Sake-lees soup, or sake kasu soup, is a traditional Japanese soup made from sake kasu, the fermented rice lees left over from sake production. It typically features a savory broth with vegetables like carrots, mushrooms, and greens, often enriched with tofu or fish cakes, and is commonly enjoyed as a comforting, warming dish in Japanese home cooking.
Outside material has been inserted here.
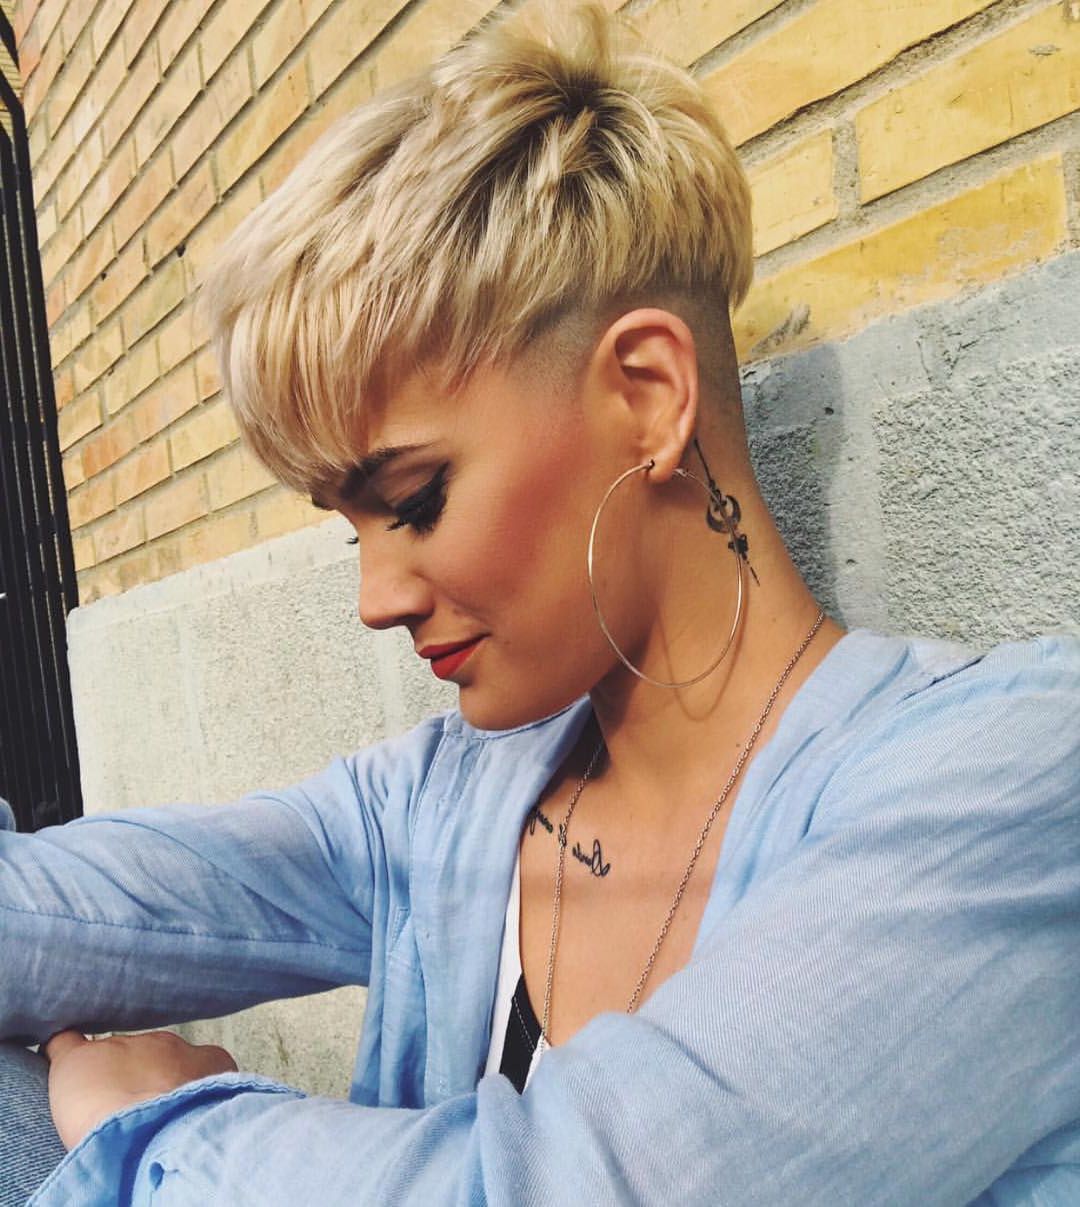 10 Stylish Pixie Haircuts – Women Short Undercut Hairstyles 2019 With Ruffled Pixie Hairstyles (View 18 of 20)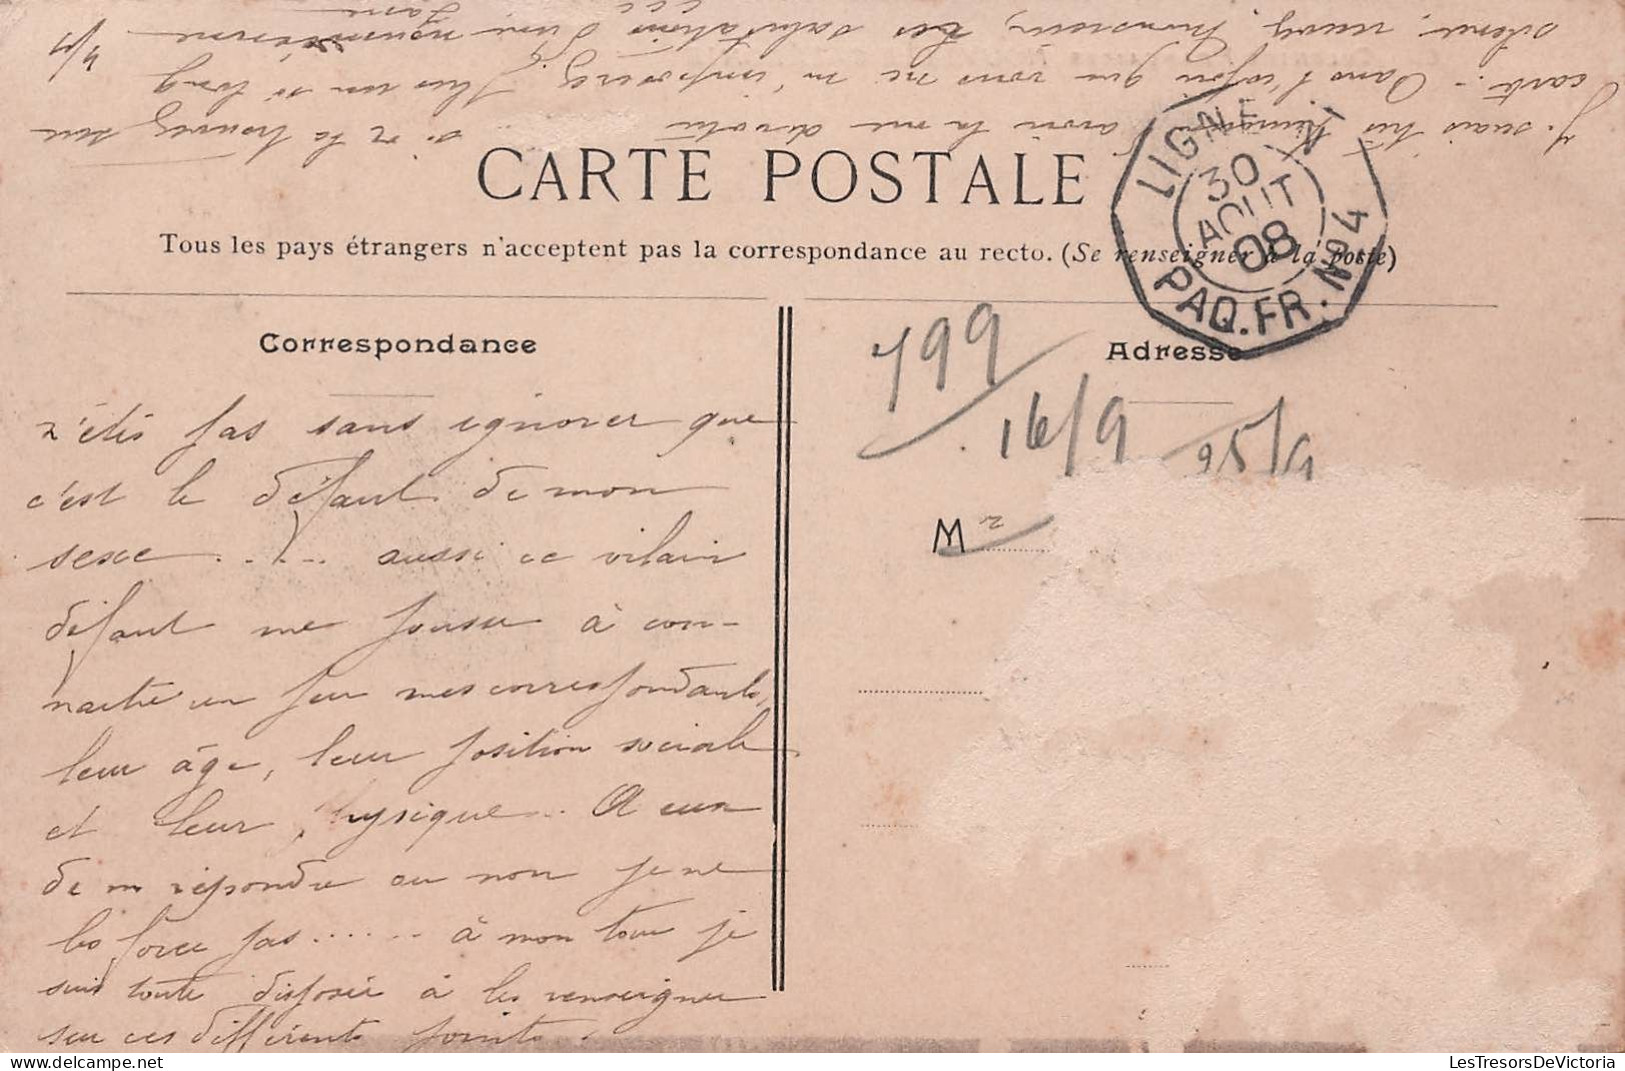 Nouvelle Caledonie - Canaques - Obliteration Paquebot N°4 1908 - Carte Postale Ancienne - New Caledonia

This soup is generally low in fat and moderate in protein, with a light carbohydrate content from the rice lees and vegetables. It provides B vitamins, amino acids, and minerals, with a rough calorie estimate of around 80-120 per serving, making it a nutritious yet light option.
| Calories | 85 kcal |
| Protein | 8.5 g |
| Carbs | 8 g |
| Fat | 2.5 g |
| Fiber | 1 g |
| Sugar | 3 g |
| Sodium | 980 mg |
| Potassium | 320 mg |
| Phosphorus | 150 mg |
| Magnesium | 25 mg |
| Iron | 1.2 mg |
| Zinc | 1.0 mg |
| Niacin (B3) | 2.5 mg |
| Vitamin B6 | 0.2 mg |
| Folate | 40 µg |
Per 1 cup (240 g) · estimated, varies by recipe
Culturally, sake kasu soup is valued in Japan for its purported health benefits, including aiding digestion and boosting immunity, reflecting a traditional belief in food as medicine. Nutritionally, the fermented sake kasu adds probiotics and unique umami flavor, making it a distinctive example of how fermentation enhances both taste and health in Japanese cuisine.